文章详细介绍了LeNet5的网络结构，包括卷积层C1、S2、C3、S4、C5以及全连接层F6和Output层，并解析了每层的功能。接着，文章展示了如何使用PyTorch实现LeNet5，包括数据预处理、模型构建、训练过程和模型保存。最后，提供了测试代码以加载模型并预测图像类别。

LeNet5实现图像分类

🐬 目录:

一、概论
二、论文选读
三、源码精读
四、参考资料

一、概论

LeNet-5是一种经典的卷积神经网络结构，于1998年投入实际使用中。该网络最早应用于手写体字符识别应用中。普遍认为，卷积神经网络的出现开始于LeCun等提出的LeNet网络，可以说LeCun等是CNN的缔造者，而LeNet则是LeCun等创造的CNN经典之作。

二、论文选读

论文：《Gradient-Based Learning Applied to Document Recognition》

LeNet-5 comprises seven layers, not counting the input, all of which contain trainable parameters (weights). The input is a 32×32 pixel image.
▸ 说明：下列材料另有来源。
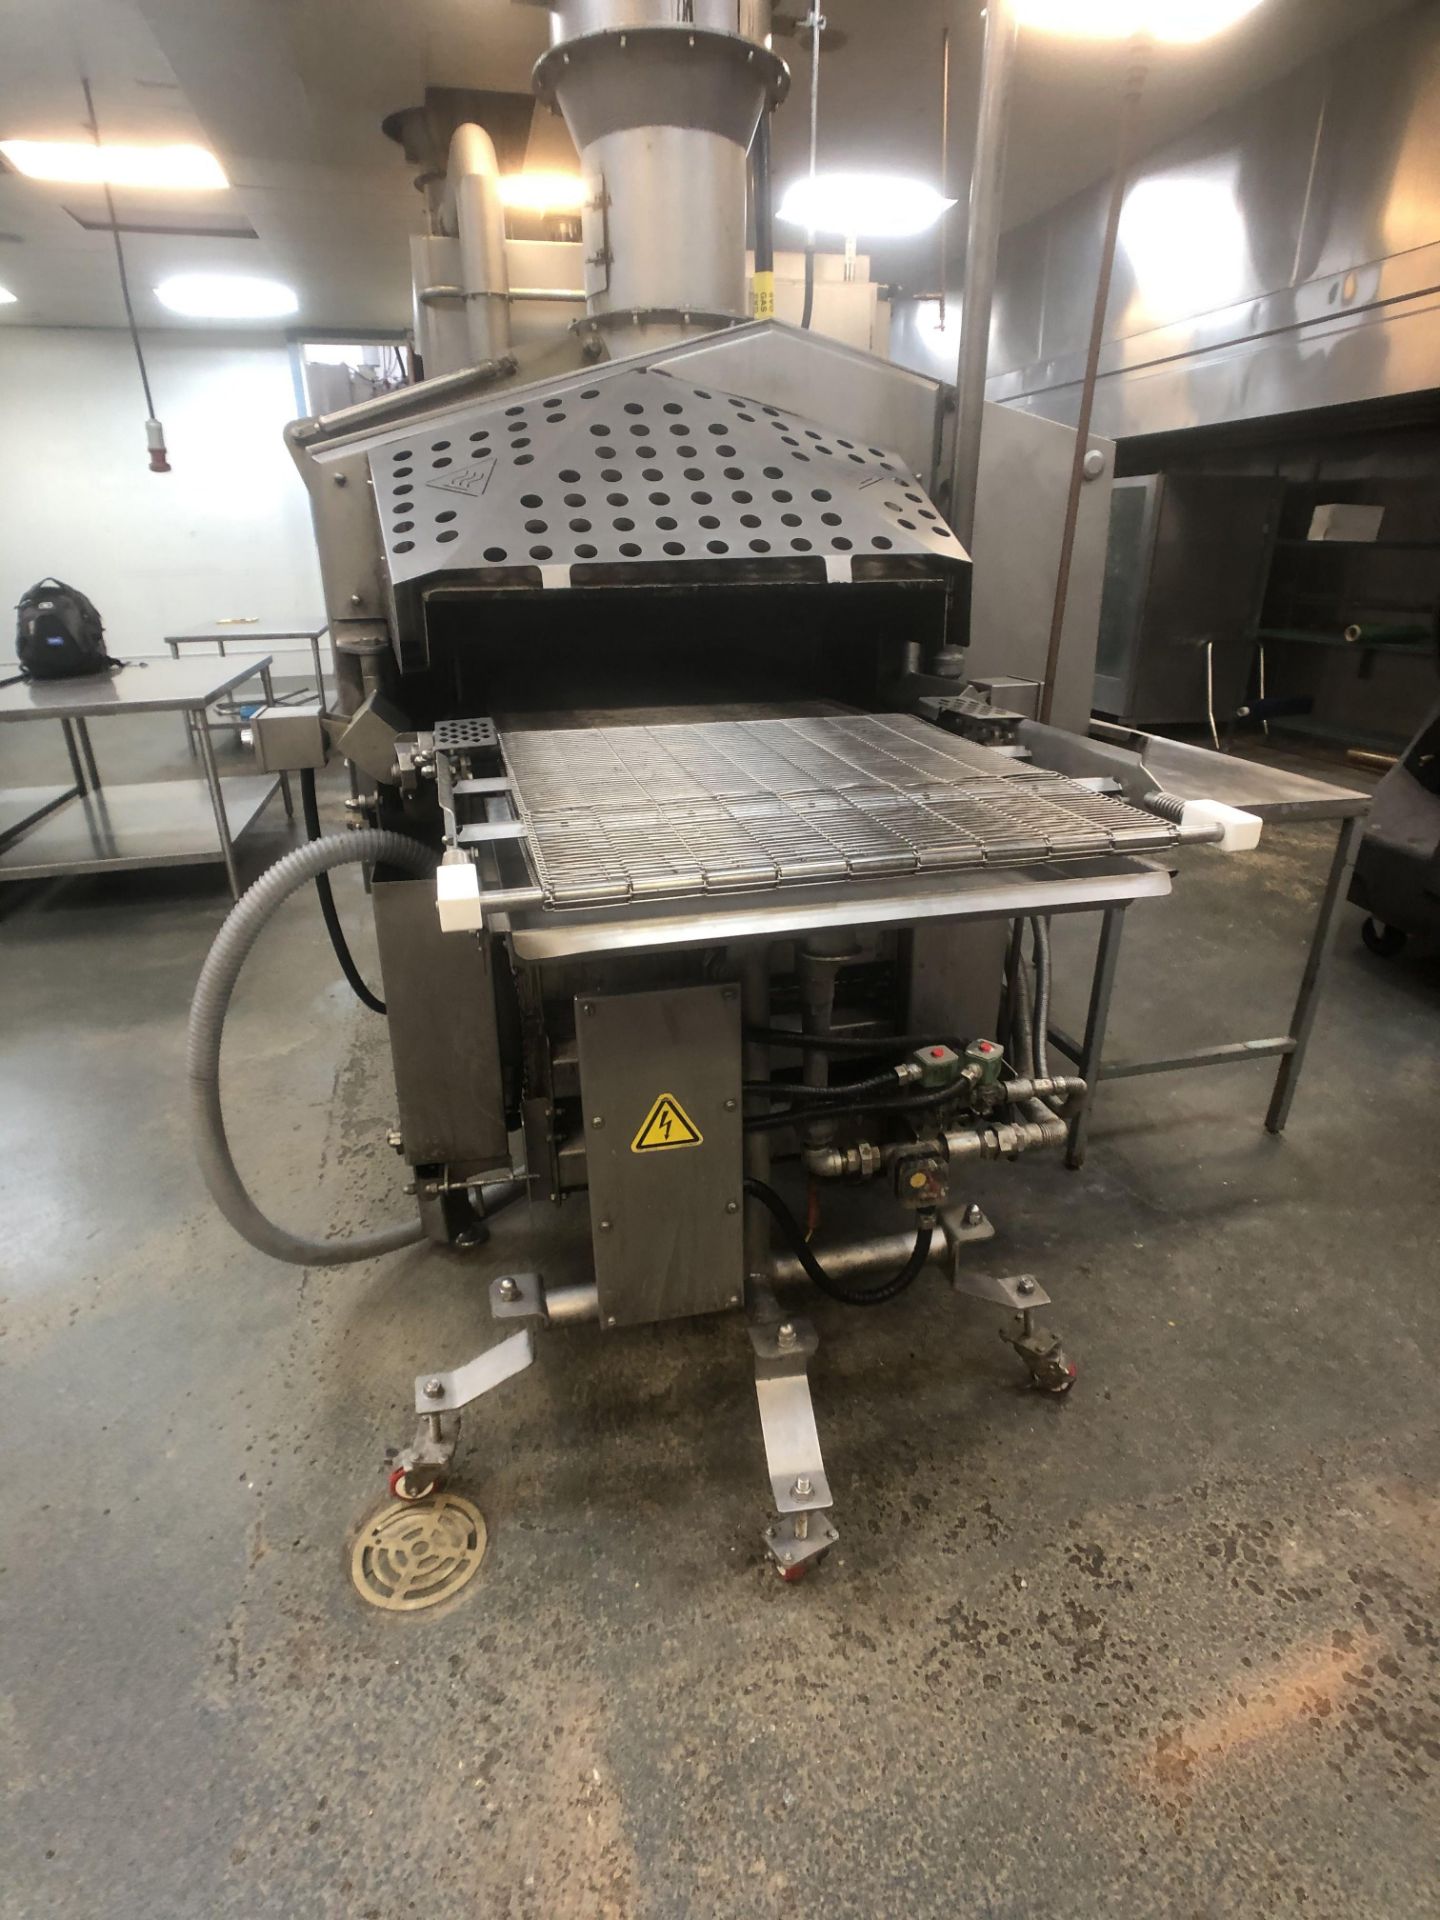 2019 Unitherm Food Systems 24" Flame Grill with Preheat, Model FG-24-8B-P, S/N FLGR-2485, Includes - Image 19 of 19

理解： LeNet5共包含7层，输入为32×32像素的图片，如下图所示：

在这里插入图片描述

Layer C1 is a convolutional layer with six feature maps.Each unit in each feature map is connected to a 5✖5 neigh-borhood in the input.

理解： C1 层是卷积层，使用 6 个 5×5 大小的卷积核，padding=0，stride=1进行卷积，得到 6 个 28×28 大小的特征图：32-5+1=28

Layer S2 is a subsampling layer with six feature maps of size 14×14. Each unit in each feature map is connected to a 2×2 neighborhood in the corresponding feature map in C1.The four inputs to a unit in S2 are added, then multiplied by a trainable coefficient, and then added to a trainable bias.The result is passed through a sigmoidal function.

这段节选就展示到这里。